For elliptical copulas, to see the correlation matrix, use the sigma property.
sigma
[6]:
np.set_printoptions(linewidth=120) g_cop.sigma
array([[ 1. , 0.19108074, -0.36594392, 0.12820349, 0.12885289, 0.11053555, 0.30997234], [ 0.19108074, 1. , 0.51268315, -0.02704055, -0.08223887, -0.0320201 , 0.20789831], [-0.36594392, 0.51268315, 1. , 0.05828388, -0.00646736, 0.0551271 , 0.01064824], [ 0.12820349, -0.02704055, 0.05828388, 1. , 0.62411583, 0.93611501, 0.59010122], [ 0.12885289, -0.08223887, -0.00646736, 0.62411583, 1. , 0.71107239, 0.41607171], [ 0.11053555, -0.0320201 , 0.0551271 , 0.93611501, 0.71107239, 1. , 0.56243697], [ 0.30997234, 0.20789831, 0.01064824, 0.59010122, 0.41607171, 0.56243697, 1. ]])
The parameters are fit according to the empirical data. Many times, this is fine. However, there are instances where we want to overwrite the fitted parameters due to better understanding of the domain problem and any other reasons.
The basic way is to overwrite via the params property setter as seen in the example below.
cop.params = 123
However, for the elliptical copulas, we have a convenience function that makes it easier to work with correlation matrix.
To overwrite single elements:
[7]:
assert g_cop[0, 1] == g_cop[1, 0] g_cop[0, 1] = 0.5 g_cop.sigma
array([[ 1. , 0.5 , -0.36594392, 0.12820349, 0.12885289, 0.11053555, 0.30997234], [ 0.5 , 1. , 0.51268315, -0.02704055, -0.08223887, -0.0320201 , 0.20789831], [-0.36594392, 0.51268315, 1. , 0.05828388, -0.00646736, 0.0551271 , 0.01064824], [ 0.12820349, -0.02704055, 0.05828388, 1. , 0.62411583, 0.93611501, 0.59010122], [ 0.12885289, -0.08223887, -0.00646736, 0.62411583, 1. , 0.71107239, 0.41607171], [ 0.11053555, -0.0320201 , 0.0551271 , 0.93611501, 0.71107239, 1. , 0.56243697], [ 0.30997234, 0.20789831, 0.01064824, 0.59010122, 0.41607171, 0.56243697, 1. ]])
To overwrite an entire correlation matrix, follow the code snippet below:
my_corr_mat = # some correlation matrix g_cop[:] = my_corr_mat # this overwrites the entire correlation matrix
Behind the scenes, after overwriting the parameters, some transformations will be done to ensure that the resulting matrix remains positive semi-definite. If the matrix is already positive semi-definite, nothing will be done. But if it isn’t, there will be some shifts to ensure that the resulting matrix has the minimum difference from the original matrix whilst being positive semi-definite.

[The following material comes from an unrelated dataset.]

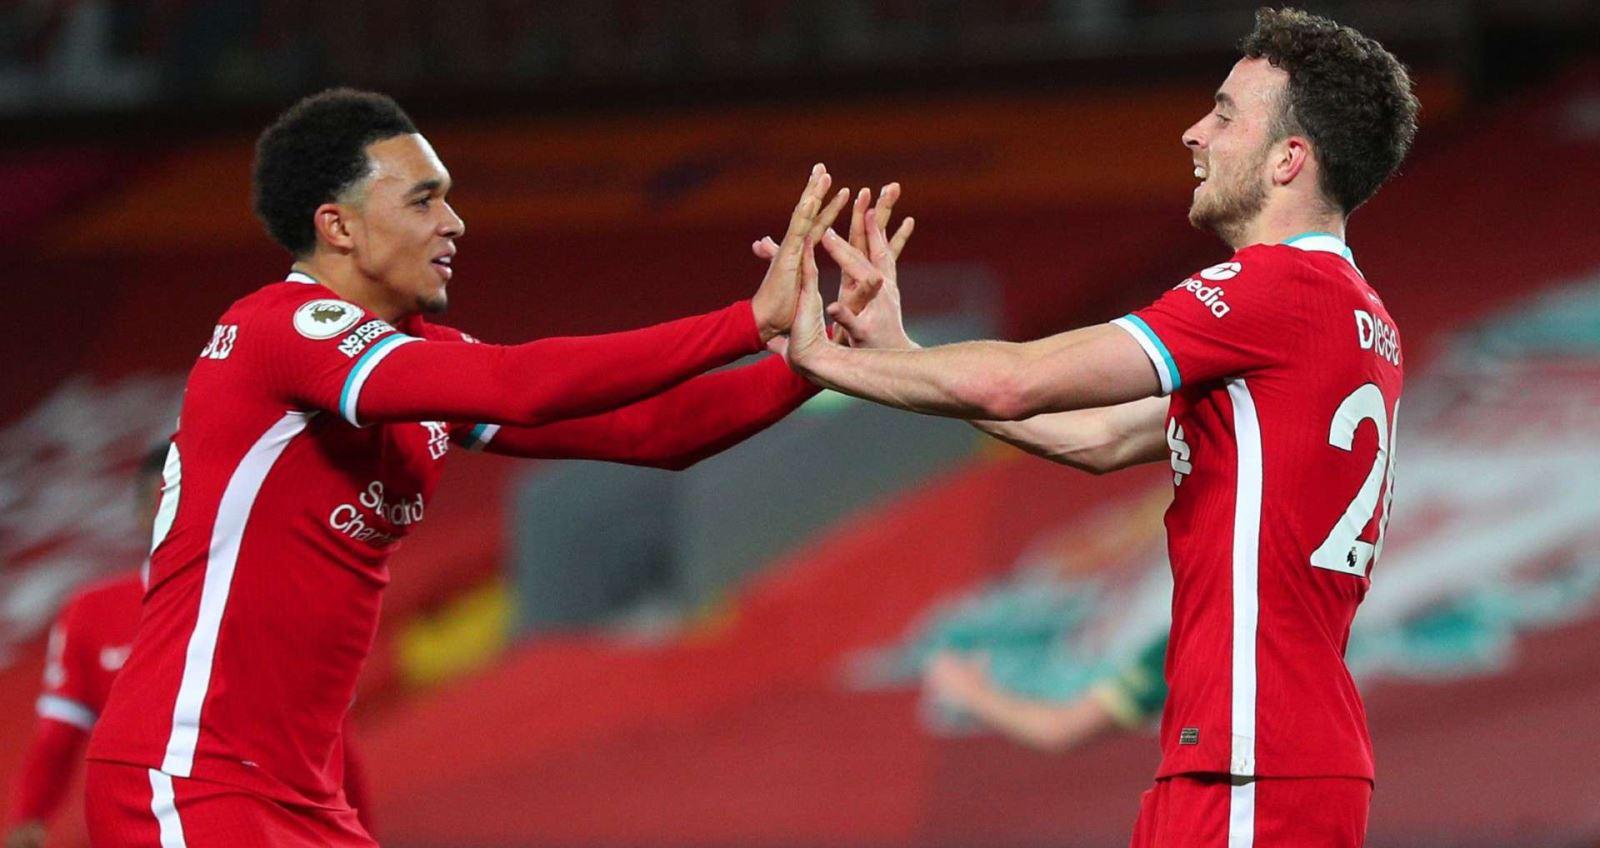 Trent Alexander-Arnold, ket qua bong da, Liverpool 2-0 Midtjylland, kết quả bóng đá cúp C1 châu Âu, kết quả Liverpool vs Midtjylland, kết quả Liverpool, kết quả Champions League
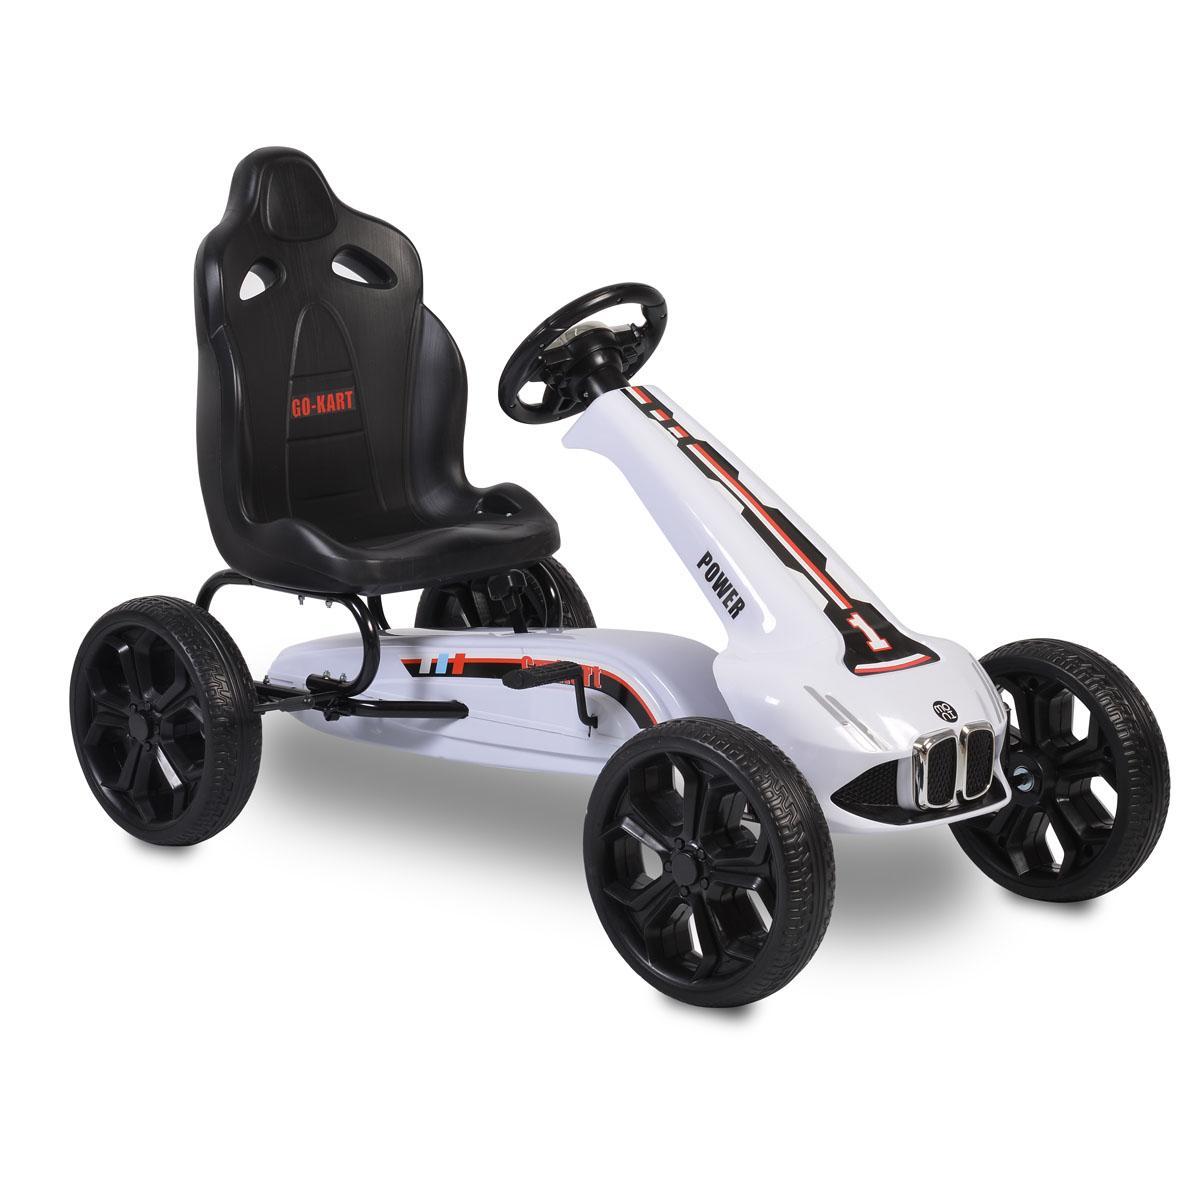 Cangaroo Αυτοκινητάκι με πετάλια Go Cart Monte Carlo white

Thus don’t be surprised if you change an element and notice that there are some bumps to the numbers.
An alias of the StudentCopula is TCopula. We can use either as they both refer to the same underlying structure.
TCopula
[8]:
from copulae import StudentCopula degrees_of_freedom = 5.5 # some random number, unnecessary to specify df but done for demonstration purposes t_cop = StudentCopula(dim=ndim, df=degrees_of_freedom) t_cop.fit(residuals)
<copulae.elliptical.student.StudentCopula at 0x20934674250>
The Student Copula differs from the Gaussian Copula in that it has one additonal parameter, the degrees of freedom df. This can be seen from the summary.
df
[9]:
t_cop.summary()
[10]:
t_cop.params
StudentParams(df=10.544336897837123, rho=array([ 0.17744812, -0.3743528 , 0.09229151, 0.11115283, 0.07197855, 0.2650173 , 0.52528912, -0.05500374, -0.07738755, -0.06585443, 0.18123705, 0.05795765, 0.01324161, 0.06096664, 0.01837413, 0.63014145, 0.9398473 , 0.57962713, 0.71668954, 0.41156475, 0.5589529 ]))
The rest of the StudentCopula work in the same way as the GaussianCopula. The only thing to note is that to change the degrees of freedom, you use t_cop.df = 5.
t_cop.df = 5
That’s all folks. We’ve gone through a simple example on
How to fit a copula
How to get a summary of the fitted copula
How to get the PDF, CDF and Random Variates (these can be done even before fitting provided you set the parameters of the copula manually)
How to overwrite parameters of the copula
All the copulas pretty much follow a similar API so you probaby know about all of them already.